MBCT teaches you how to experience anxious symptoms without worrying about them, allowing the body to release all of the leftover adrenaline without making more.
When we change our behavior (worrying), our anxious thoughts will out and slowly go away.
How Can You Stop Worrying?
By minimizing the benefits and maximizing the costs of worrying in your head, so you can choose not to worry about the suggestive thoughts arising.
The MBCT method consists of four steps: recognize, respond, return, and remind.
Step 1. Identify Your Anxious Thoughts
When a suggestive thought about an anxious symptom arises, begin by identifying that thought.
Identifying here means spelling out the exact thought you are having about your anxious symptom.
While this might seem obvious to people who have practiced doing so in therapy or while meditating, for people who have been worrying for most of their lives, it feels like they are worrying about nothing.
Start by asking yourself, “What am I worrying about right now?”
You might be worrying about having a heart attack, or fainting, or going crazy.
Be specific about your anxious thought.
Step 2. Respond to Your Anxious Thoughts
Once you have identified the thought you are worrying about, you can respond to it in a way that helps you decide not to worry.
It’s easier to come to that decision when you can see that the costs outweigh the benefits of worrying and that you don’t really need to worry.
Start by examining your history with anxious symptoms.
Despite having panic attacks in the past, you never had a heart attack, stopped breathing, or went crazy.
Examining your past experiences with panic can help you realize that anxious symptoms are harmless and that you don’t need to worry about them.
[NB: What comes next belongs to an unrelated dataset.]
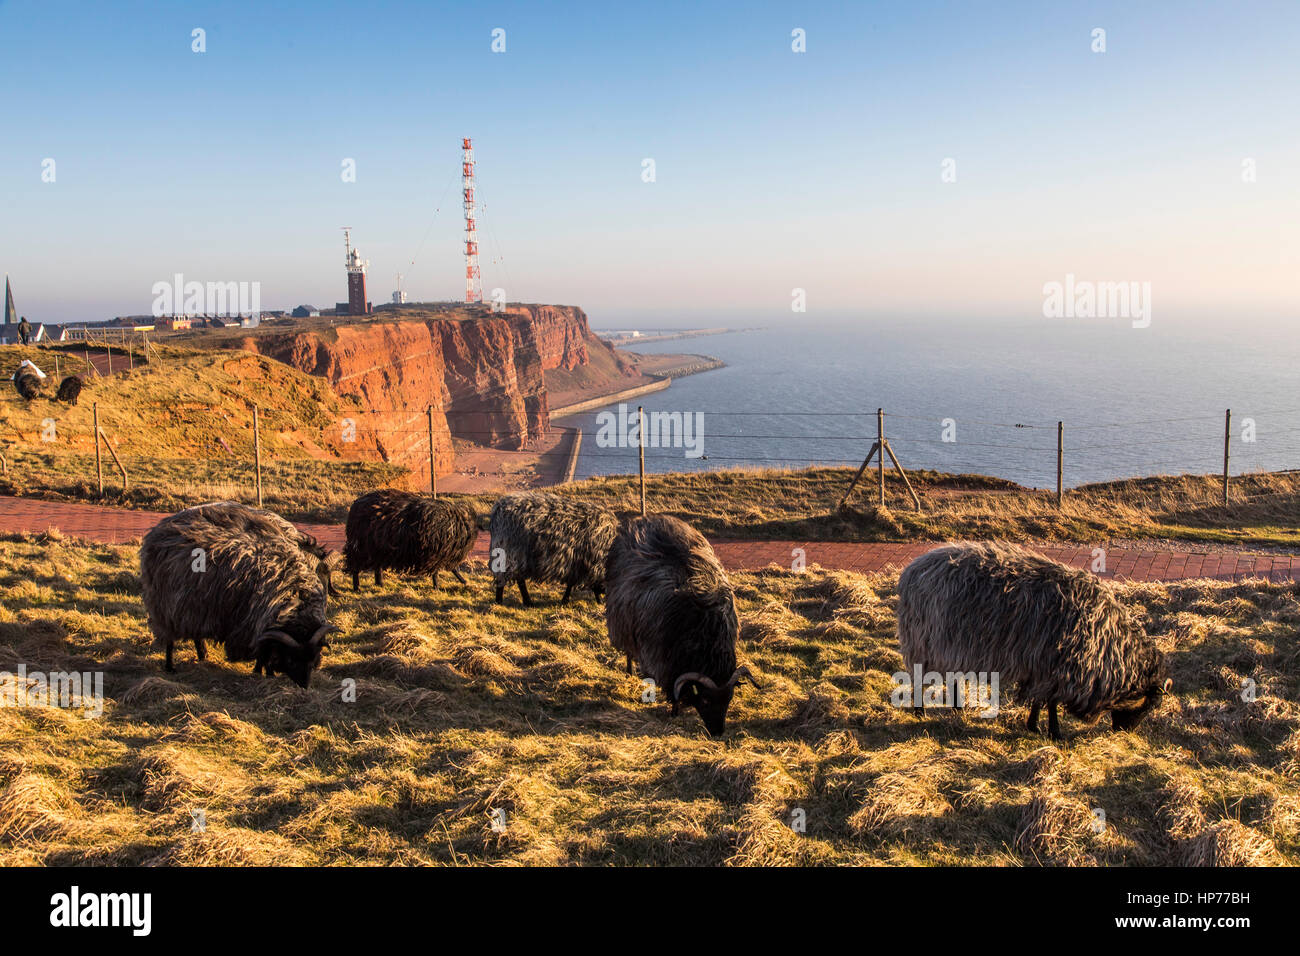 The red steep coast line of Helgoland, an German Island in the North Sea, lighthouse and radio-relay system antenna mast, flock of sheep, Stock Photo

It’s also important to consider the costs of worrying.
Worrying about your anxious symptoms has not actually protected you from danger, quite the opposite – it made you even more anxious.
Respond to your anxious thoughts in a helpful way.
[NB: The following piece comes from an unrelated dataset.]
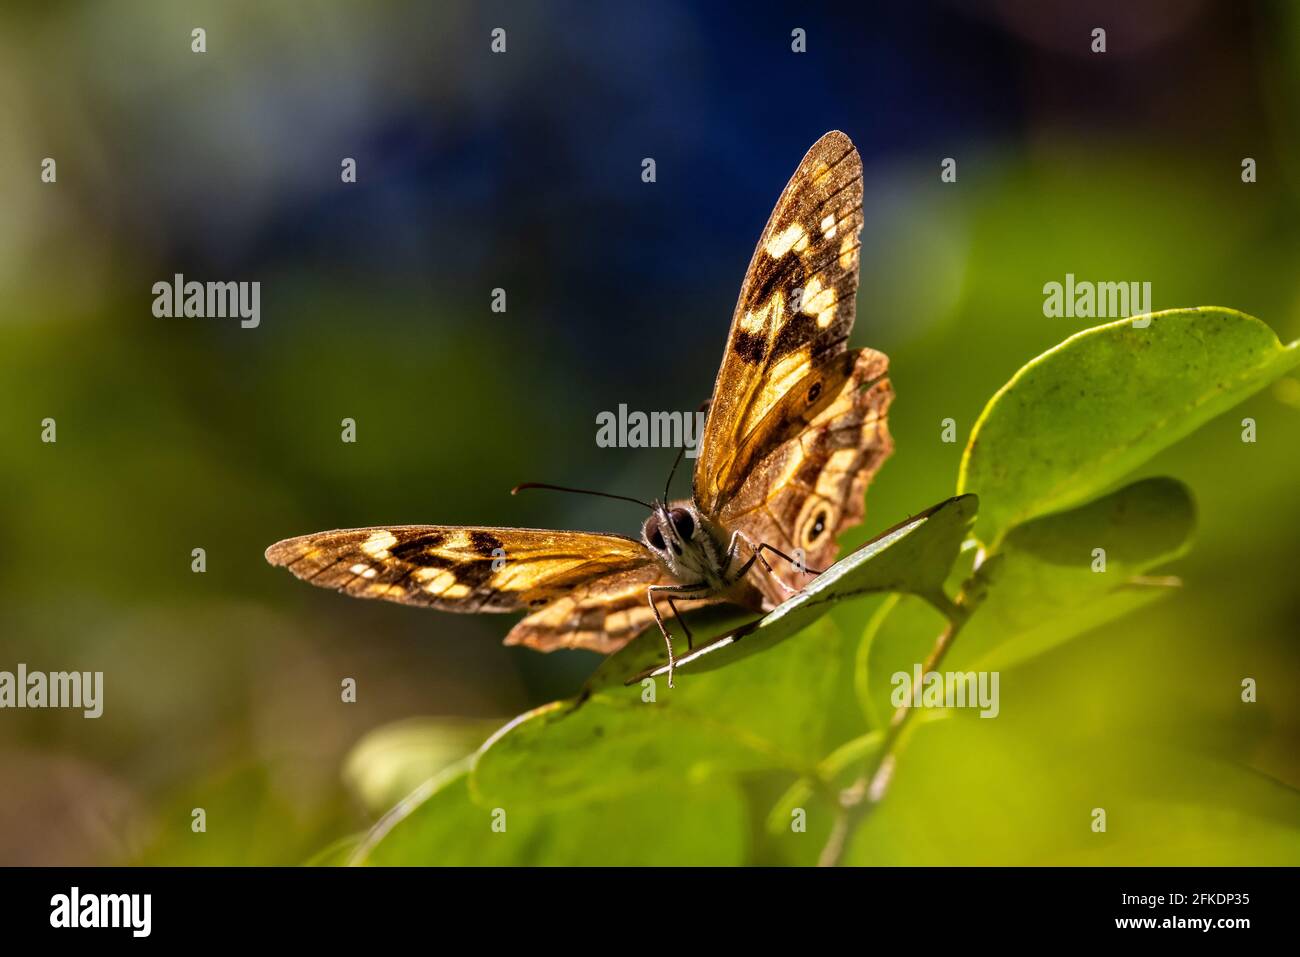 Small brown butterfly resting on green leaf Stock Photo

You can tell yourself something like, “Whatever. I know I’ll be fine,” or, “Let it be. I felt this way a hundred times before. I know this will also pass.”
Step 3. Distract Yourself From Self-Checking
Once you have responded to the anxious thought, you need to avoid checking whether the original symptom has gone away.
One way to distract yourself from self-checking is to return your attention to the task at hand, or focus on something that grabs your attention and shuts down the urge to check-in.
If you are having a conversation with someone, recall the last thing they said.
If we are not in the middle of anything, choose an engaging activity, such as solving a problem, writing, or playing an instrument.
Step 4. Remind Yourself Why You Do Not Need to Worry
When you bring your attention back to the present moment, your anxious symptoms will begin to fade away.
However, some small suggestive thoughts might arise. The final step here is to answer small thoughts without having to repeat the first three steps.
Say to yourself something like, “Whatever. I don’t care,” and go back to the task at hand.
Behavioral Therapy (CBT)
Worrying is not always unhelpful. Worrying about life choices and decisions can be helpful and lead us to act productively.
CBT can help you identify what worrying is helpful and what is unhelpful.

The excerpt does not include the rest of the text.